Looks like maintainer of HexChat did the final release.
I’m too young to actually remember IRC. I know that people still use it, but because of other communication tools which are simple to connect to, it’s not so popular anymore.
I tried HexChat a couple of years ago and the number of plugins and customizations you could make to it was just insane.
It was a great project. Maybe some community will for it. Will see.

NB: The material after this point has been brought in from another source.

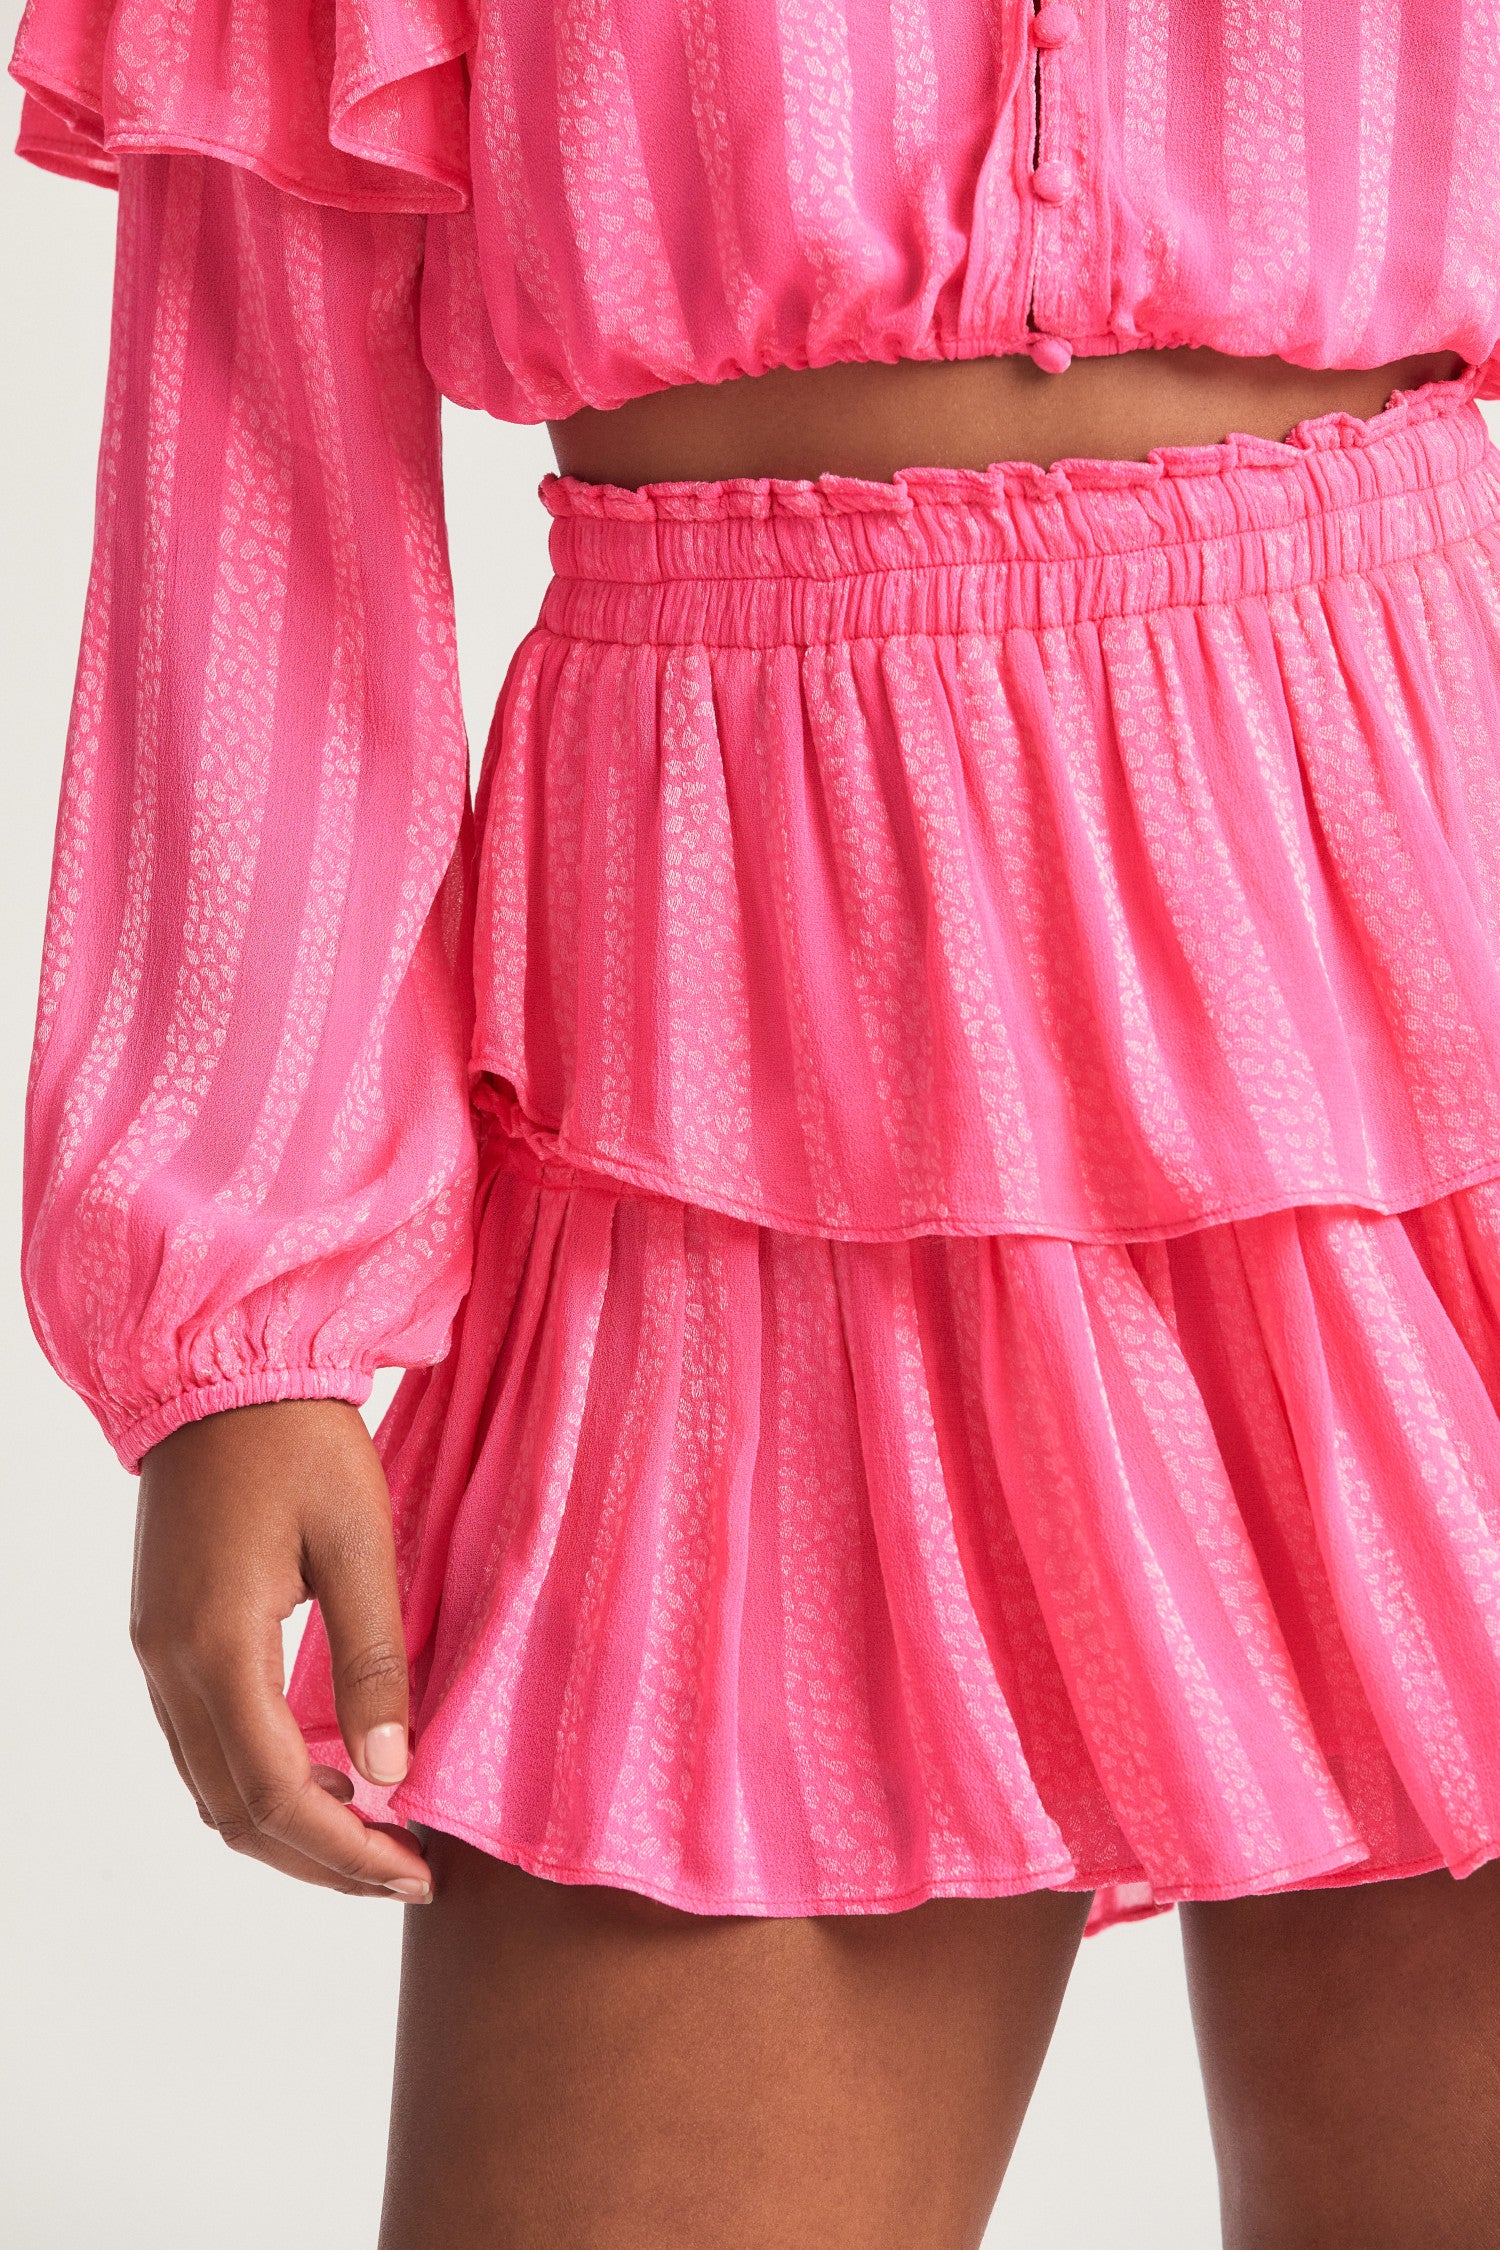 Pink mini skirt in viscose fabric with bow print. The two-tiered short skirt, with an elasticated waistband and shirred flounces.

“Automated Unit Test Improvement Using Large Language Models at Meta,” n.d. https://arxiv.org/pdf/2402.09171.pdf

Meta aka Facebook made some research on LLMs and unit tests generation. It’s a pretty good paper, but I also found some issues with the numbers.
I’m not a scientist, but there is something fishy about the numbers and claims of the paper.
It’s written that a "clear a set of filters that assure measurable improvement over the original test suite, thereby eliminating problems due to LLM hallucination".
When you read what those filters are, you find out that there are tree different filters. First, one checks if the code builds. The second test checks if generated code passes assertion and runs the suite 5 times to remove flaky tests. Third test check if the generated test improves coverage percentage.
With all of this in mind, I would like to ask how these filters remove hallucinated code? From what I read, it only reduces the changes of hallucinated code going for code review.
This is actually also later written in the summarization of numbers. Meta evaluated these LLMs tools on different products and the results are generally good.
First for 42 tests, 4 were rejected and 2 were withdrawn. Reasons for that were that tests were generated for trivial method, had multiple responsibilities or failed to include test case. So, the third one is hallucination? I would say so.
Next there is another study on 280 diffs. 64 were rejected, 61 had no review and 11 were withdrawn, but it’s not mentioned why 64 were rejected. If it’s same as for 42 I expect it was due to hallucination which Meta LLMs do not remove but limit to some extent.
Ok, no more criticism! I actually like when companies publish studies like this. It’s a good and healthy way to commit to the global scientific community. Good work Meta!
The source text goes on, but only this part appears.